START Material to process
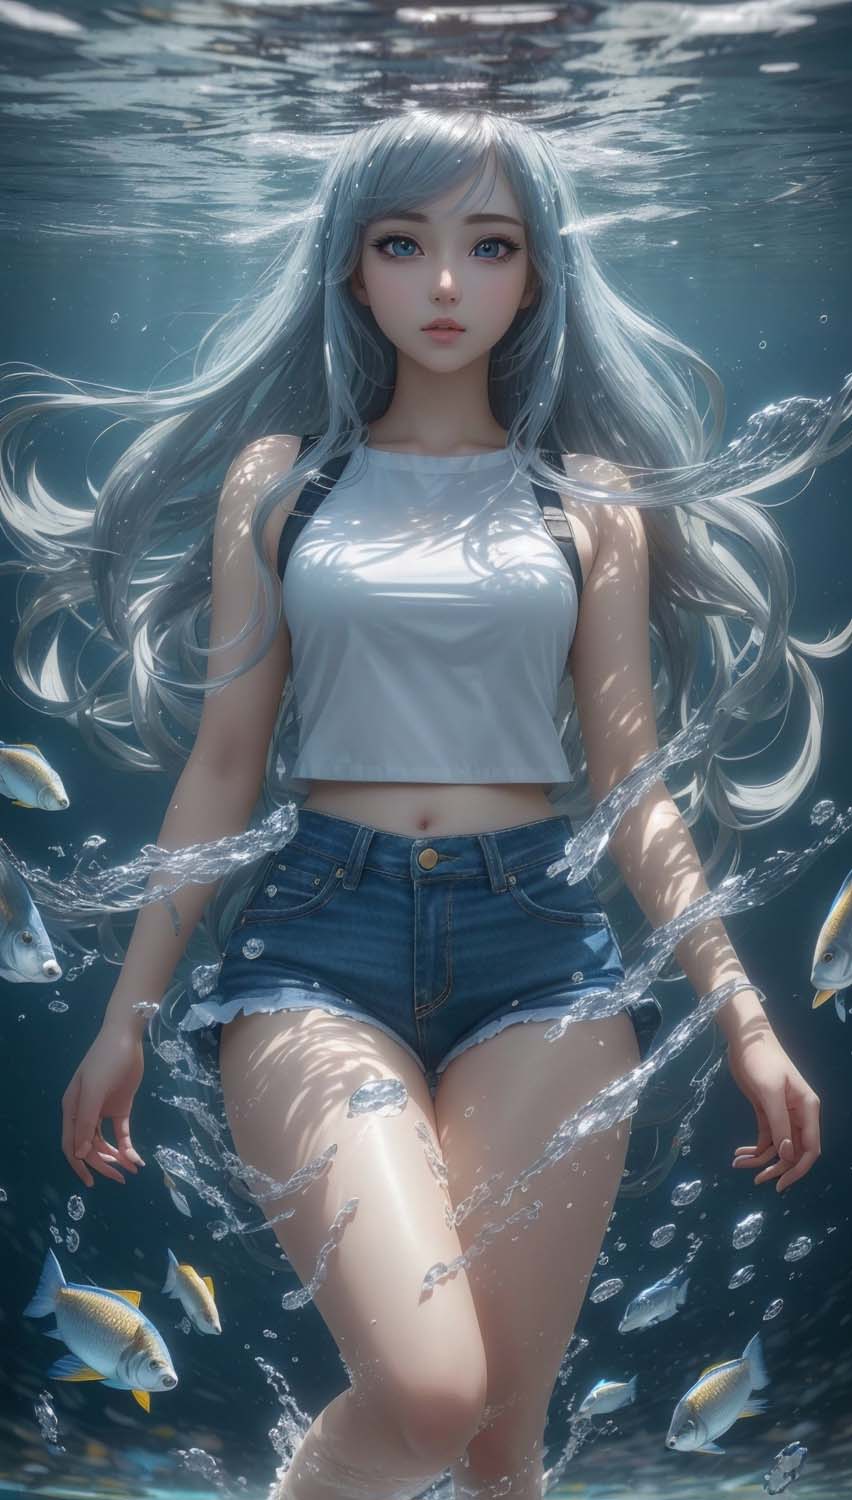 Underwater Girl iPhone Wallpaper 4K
END Material to process
START Material to process
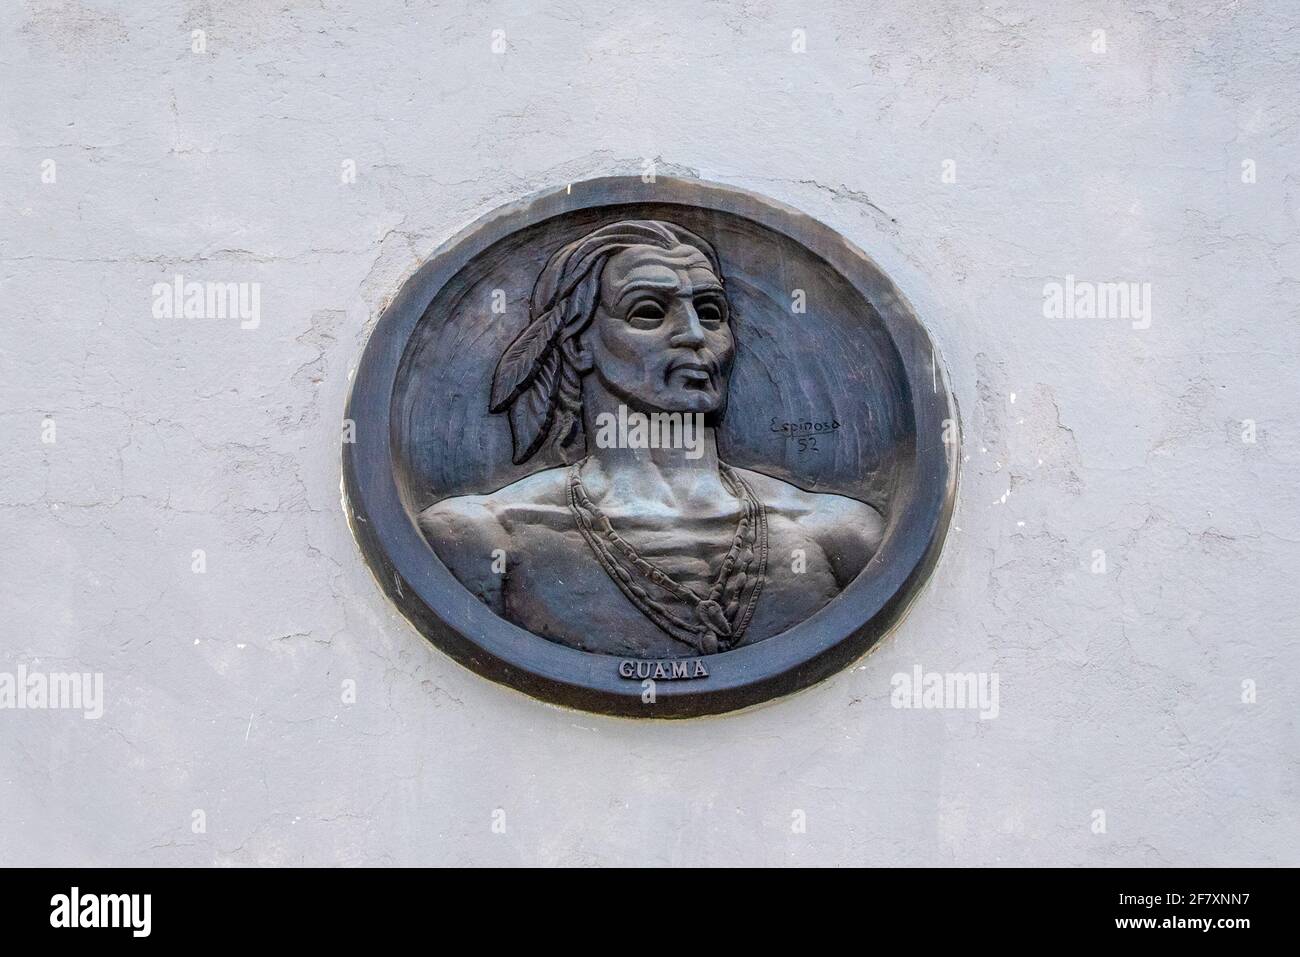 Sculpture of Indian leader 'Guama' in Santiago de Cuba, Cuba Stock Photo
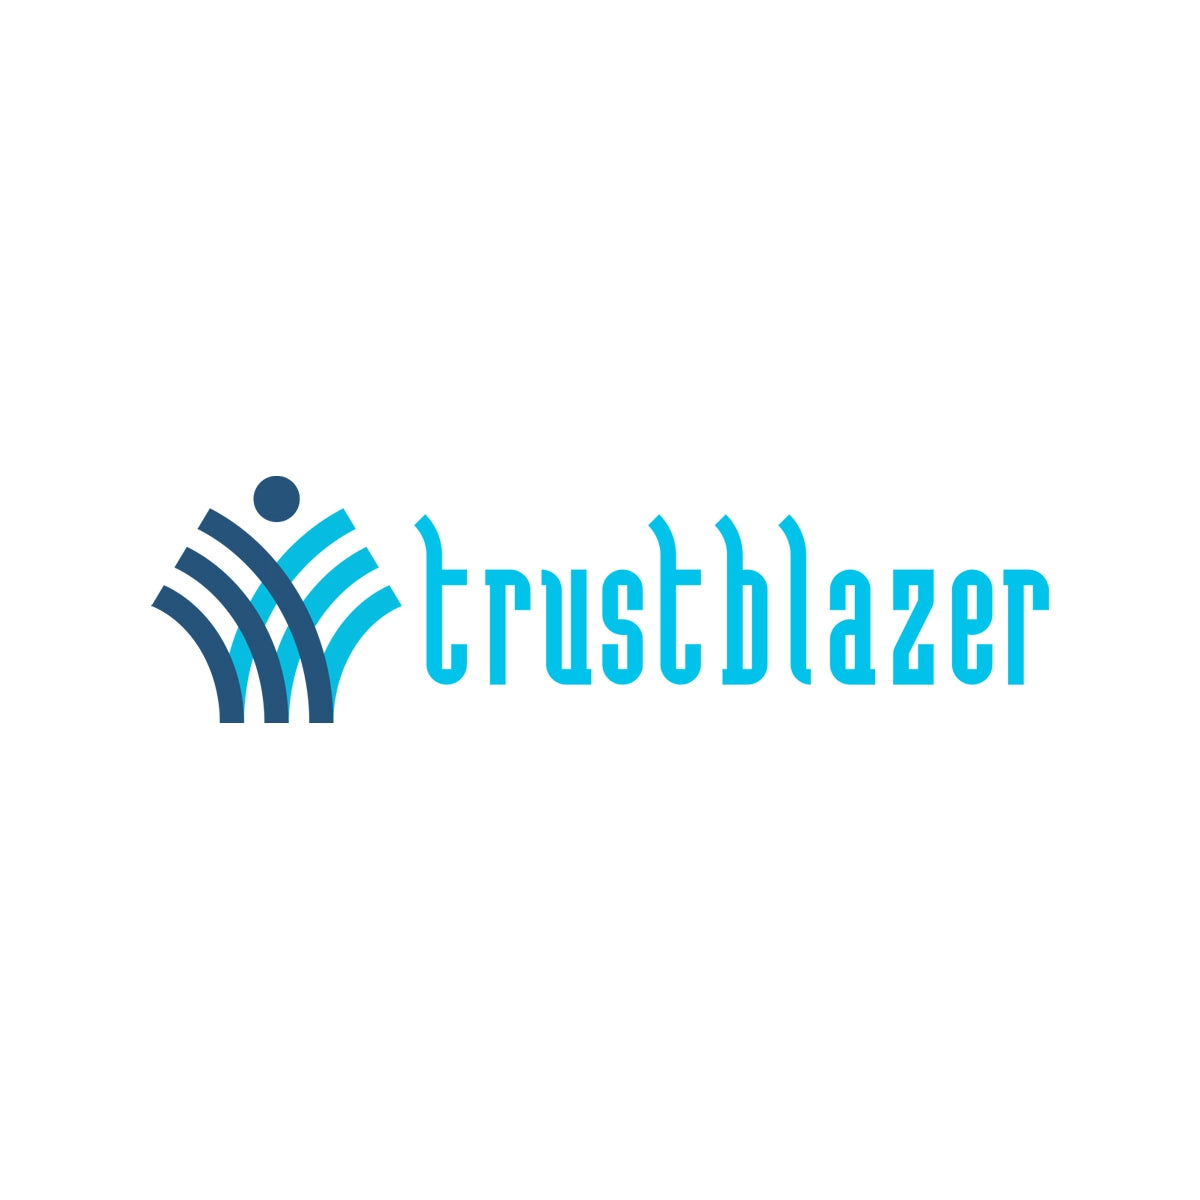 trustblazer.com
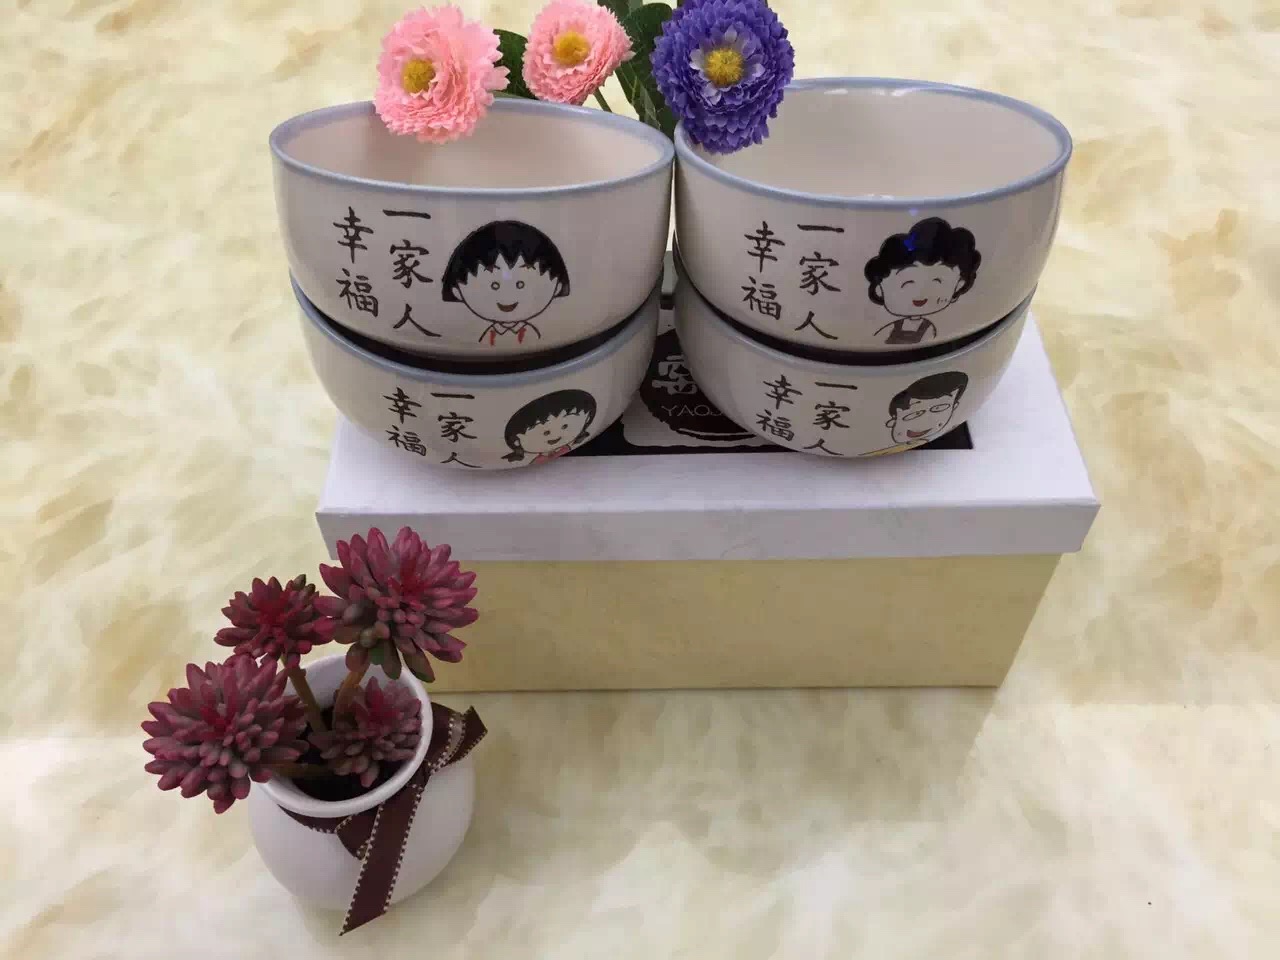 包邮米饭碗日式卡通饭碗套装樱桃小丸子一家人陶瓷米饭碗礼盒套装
END Material to process
» Instructions for the task
Only the lines above starting with the line with "Sculpture of Indian" and going on through the line with "包邮米饭碗日式卡通饭碗套装樱桃小丸子一家人陶瓷米饭碗礼盒套装" belong in the answer; repeat them exactly, minus any picture.

» Output below
 Sculpture of Indian leader 'Guama' in Santiago de Cuba, Cuba Stock Photo
 trustblazer.com
 包邮米饭碗日式卡通饭碗套装樱桃小丸子一家人陶瓷米饭碗礼盒套装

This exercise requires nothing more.